Add an index on merge_trains that filters on status before target_branch
Summary
As noted in !128756 (comment 1504757814) and !123853 (comment 1450438093), the existing index on merge trains performs poorly for certain queries.
This is the index we have today:
CREATE INDEX index_for_status_per_branch_per_project ON merge_trains USING btree (target_project_id, target_branch, status);
And this is the query for which it performs poorly:
SELECT DISTINCT ON (target_branch) *
FROM "merge_trains"
WHERE
("merge_trains"."status" IN (0,2,3))
AND "merge_trains"."target_project_id" = ?
ORDER BY
"merge_trains"."target_branch" ASC,
"merge_trains"."id" ASC
The above query picks out the first active train car across all target_branch
for a given target_project_id
. The problem is that there are a large amount of inactive cars in each project, but only a small amount of active cars, and with the existing index we cannot effectively eliminate inactive cars early.

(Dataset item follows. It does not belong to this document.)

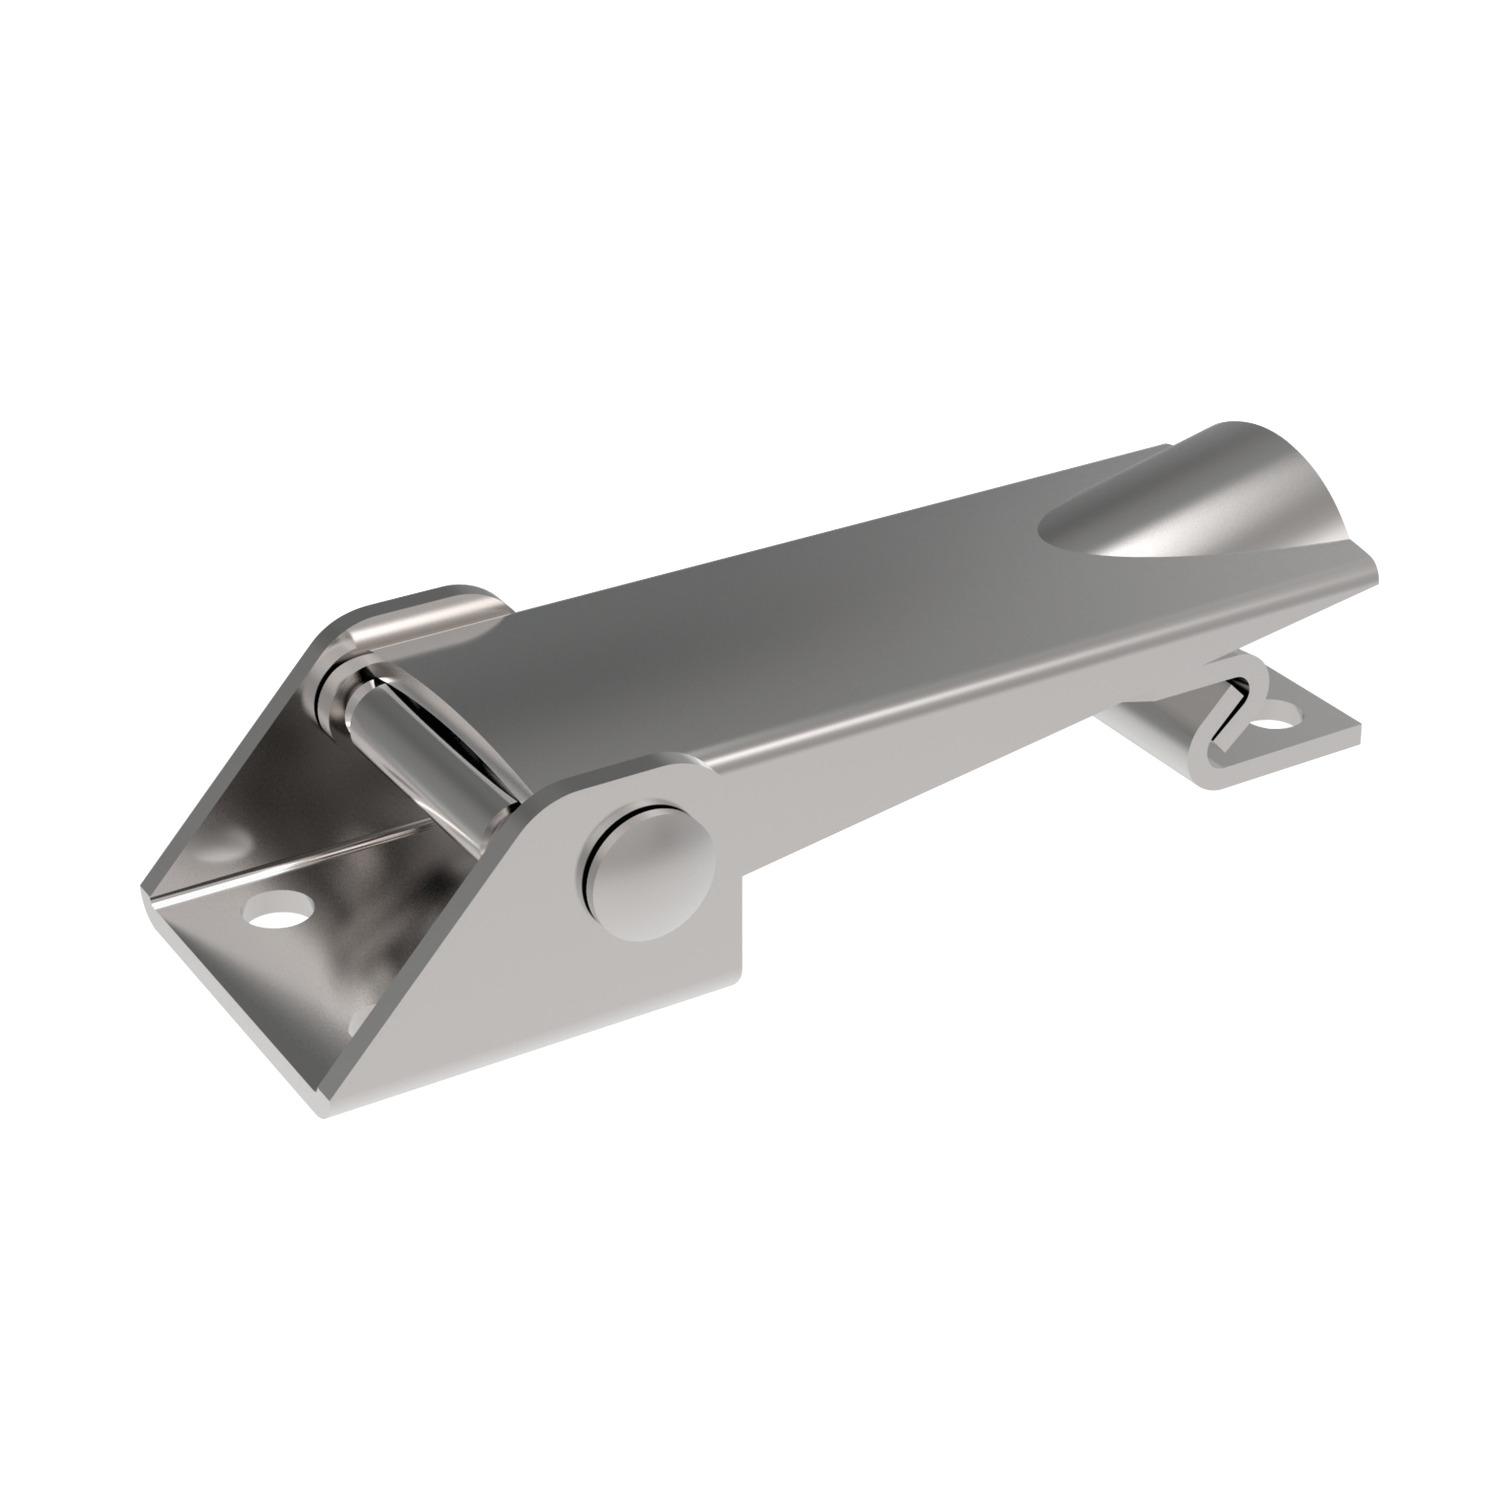 J0600.AC0030 Toggle Latches Stainless Steel - 60 to 70 - 16 - 25,5

Expand to see an example query plan demonstrating the problem.
Unique (cost=3808.12..3808.13 rows=2 width=61) (actual time=47.384..47.387 rows=0 loops=1)
Buffers: shared hit=870 read=431 dirtied=2
I/O Timings: read=19.526 write=0.000
-> Sort (cost=3808.12..3808.13 rows=2 width=61) (actual time=47.383..47.385 rows=0 loops=1)

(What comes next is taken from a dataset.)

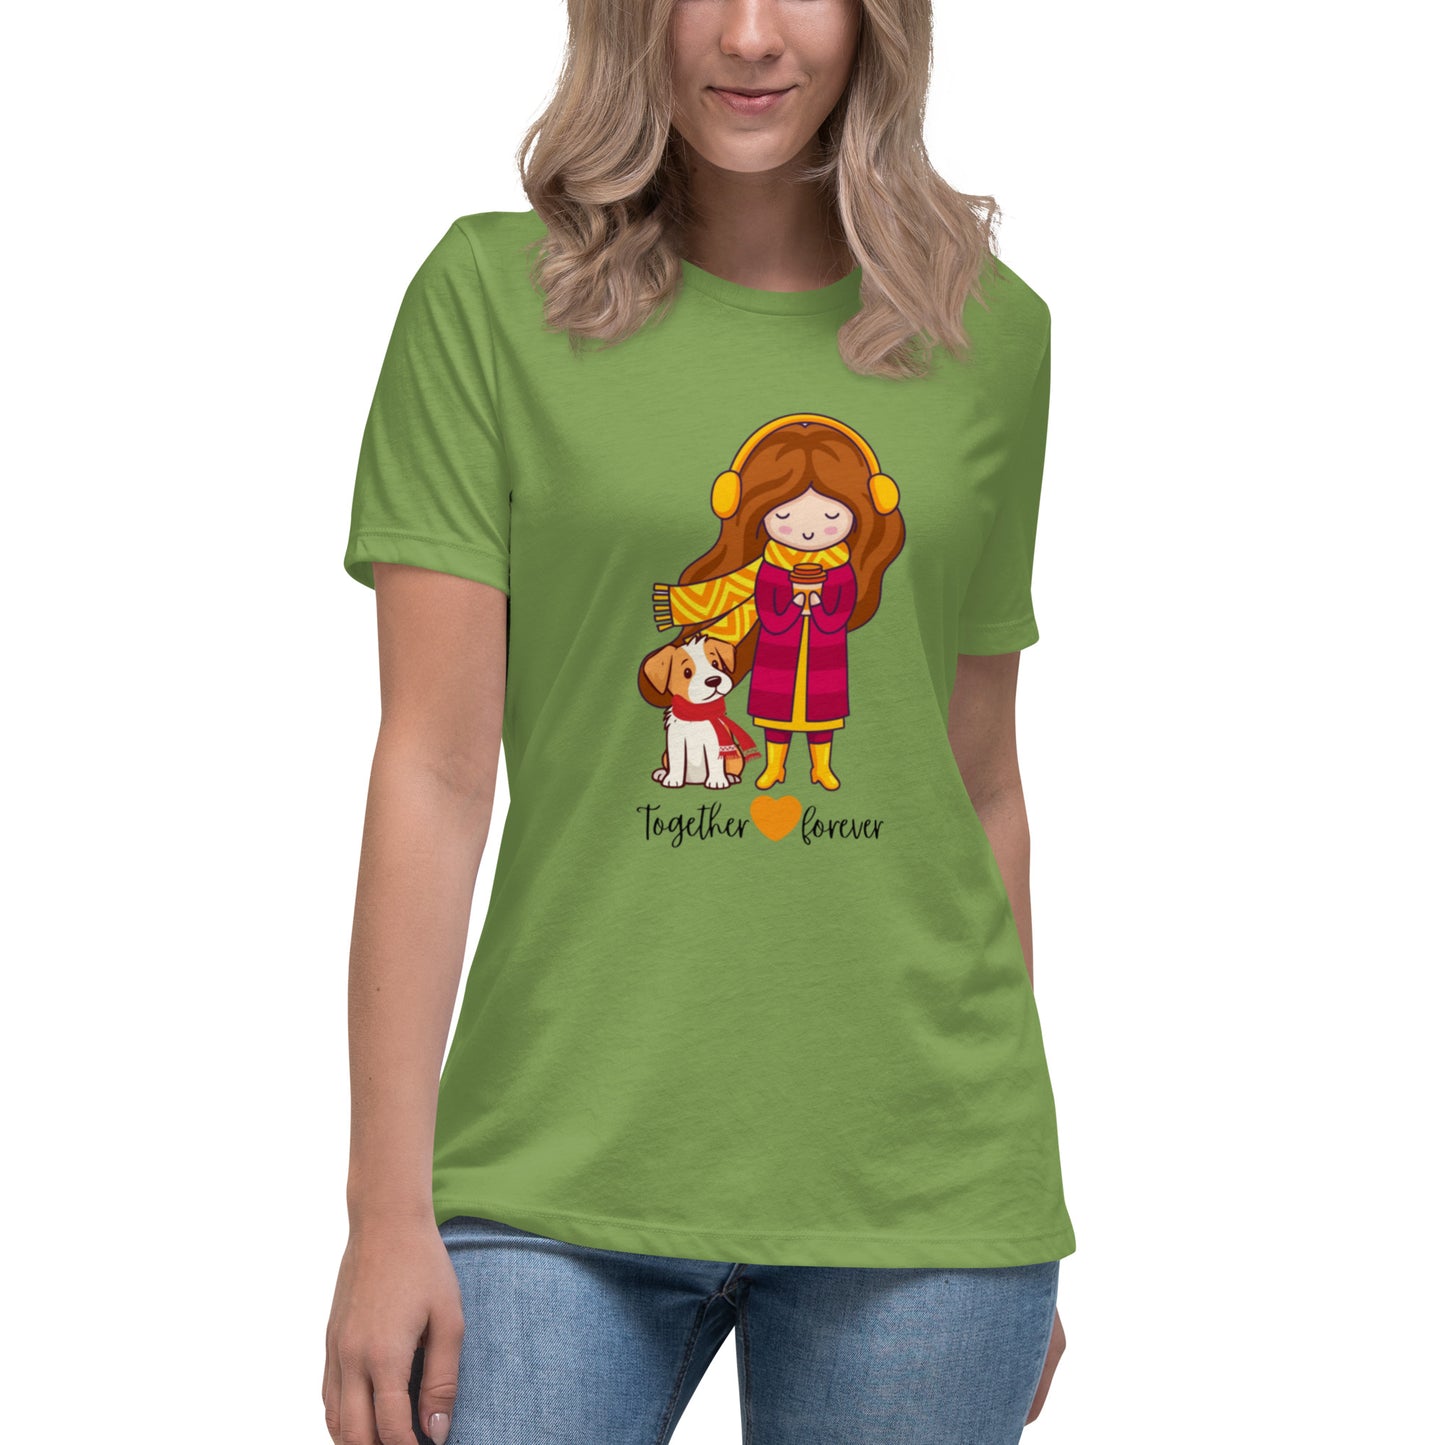 Together Forever Women's Relaxed T-Shirt

Sort Key: merge_trains.target_branch, merge_trains.id
Sort Method: quicksort Memory: 25kB
Buffers: shared hit=870 read=431 dirtied=2
I/O Timings: read=19.526 write=0.000
-> Index Scan using index_for_status_per_branch_per_project on public.merge_trains (cost=0.43..3808.11 rows=2 width=61) (actual time=47.339..47.340 rows=0 loops=1)
Index Cond: ((merge_trains.target_project_id = 7764) AND (merge_trains.status = ANY ('{0,2,3}'::integer[])))
Buffers: shared hit=864 read=431 dirtied=2
I/O Timings: read=19.526 write=0.000
with stats:
Time: 49.708 ms
- planning: 2.179 ms
- execution: 47.529 ms
- I/O read: 19.526 ms
- I/O write: 0.000 ms
Shared buffers:
- hits: 870 (~6.80 MiB) from the buffer pool
- reads: 431 (~3.40 MiB) from the OS file cache, including disk I/O
- dirtied: 2 (~16.00 KiB)
- writes: 0
Improvements
A couple of possibilities (not mutually exclusive, we might want both):
Option 1: Add a new index that has status
before target_branch
:
CREATE INDEX index_merge_trains_on_target_project_id_and_status_and_target_branch ON merge_trains USING btree (target_project_id, status, target_branch);
Option 2: Create a partial index just for active train cars, since that's what we query for most of the time (and it will be much smaller in size):
CREATE INDEX index_for_active_merge_trains_in_projects_by_branch ON merge_trains USING btree (target_project_id, target_branch) WHERE (status IN (0,2,3));
Risks
Adding indexes can stress the database, but merge_trains
is probably fine because it's a premium feature and a very specific workflow that not everyone uses.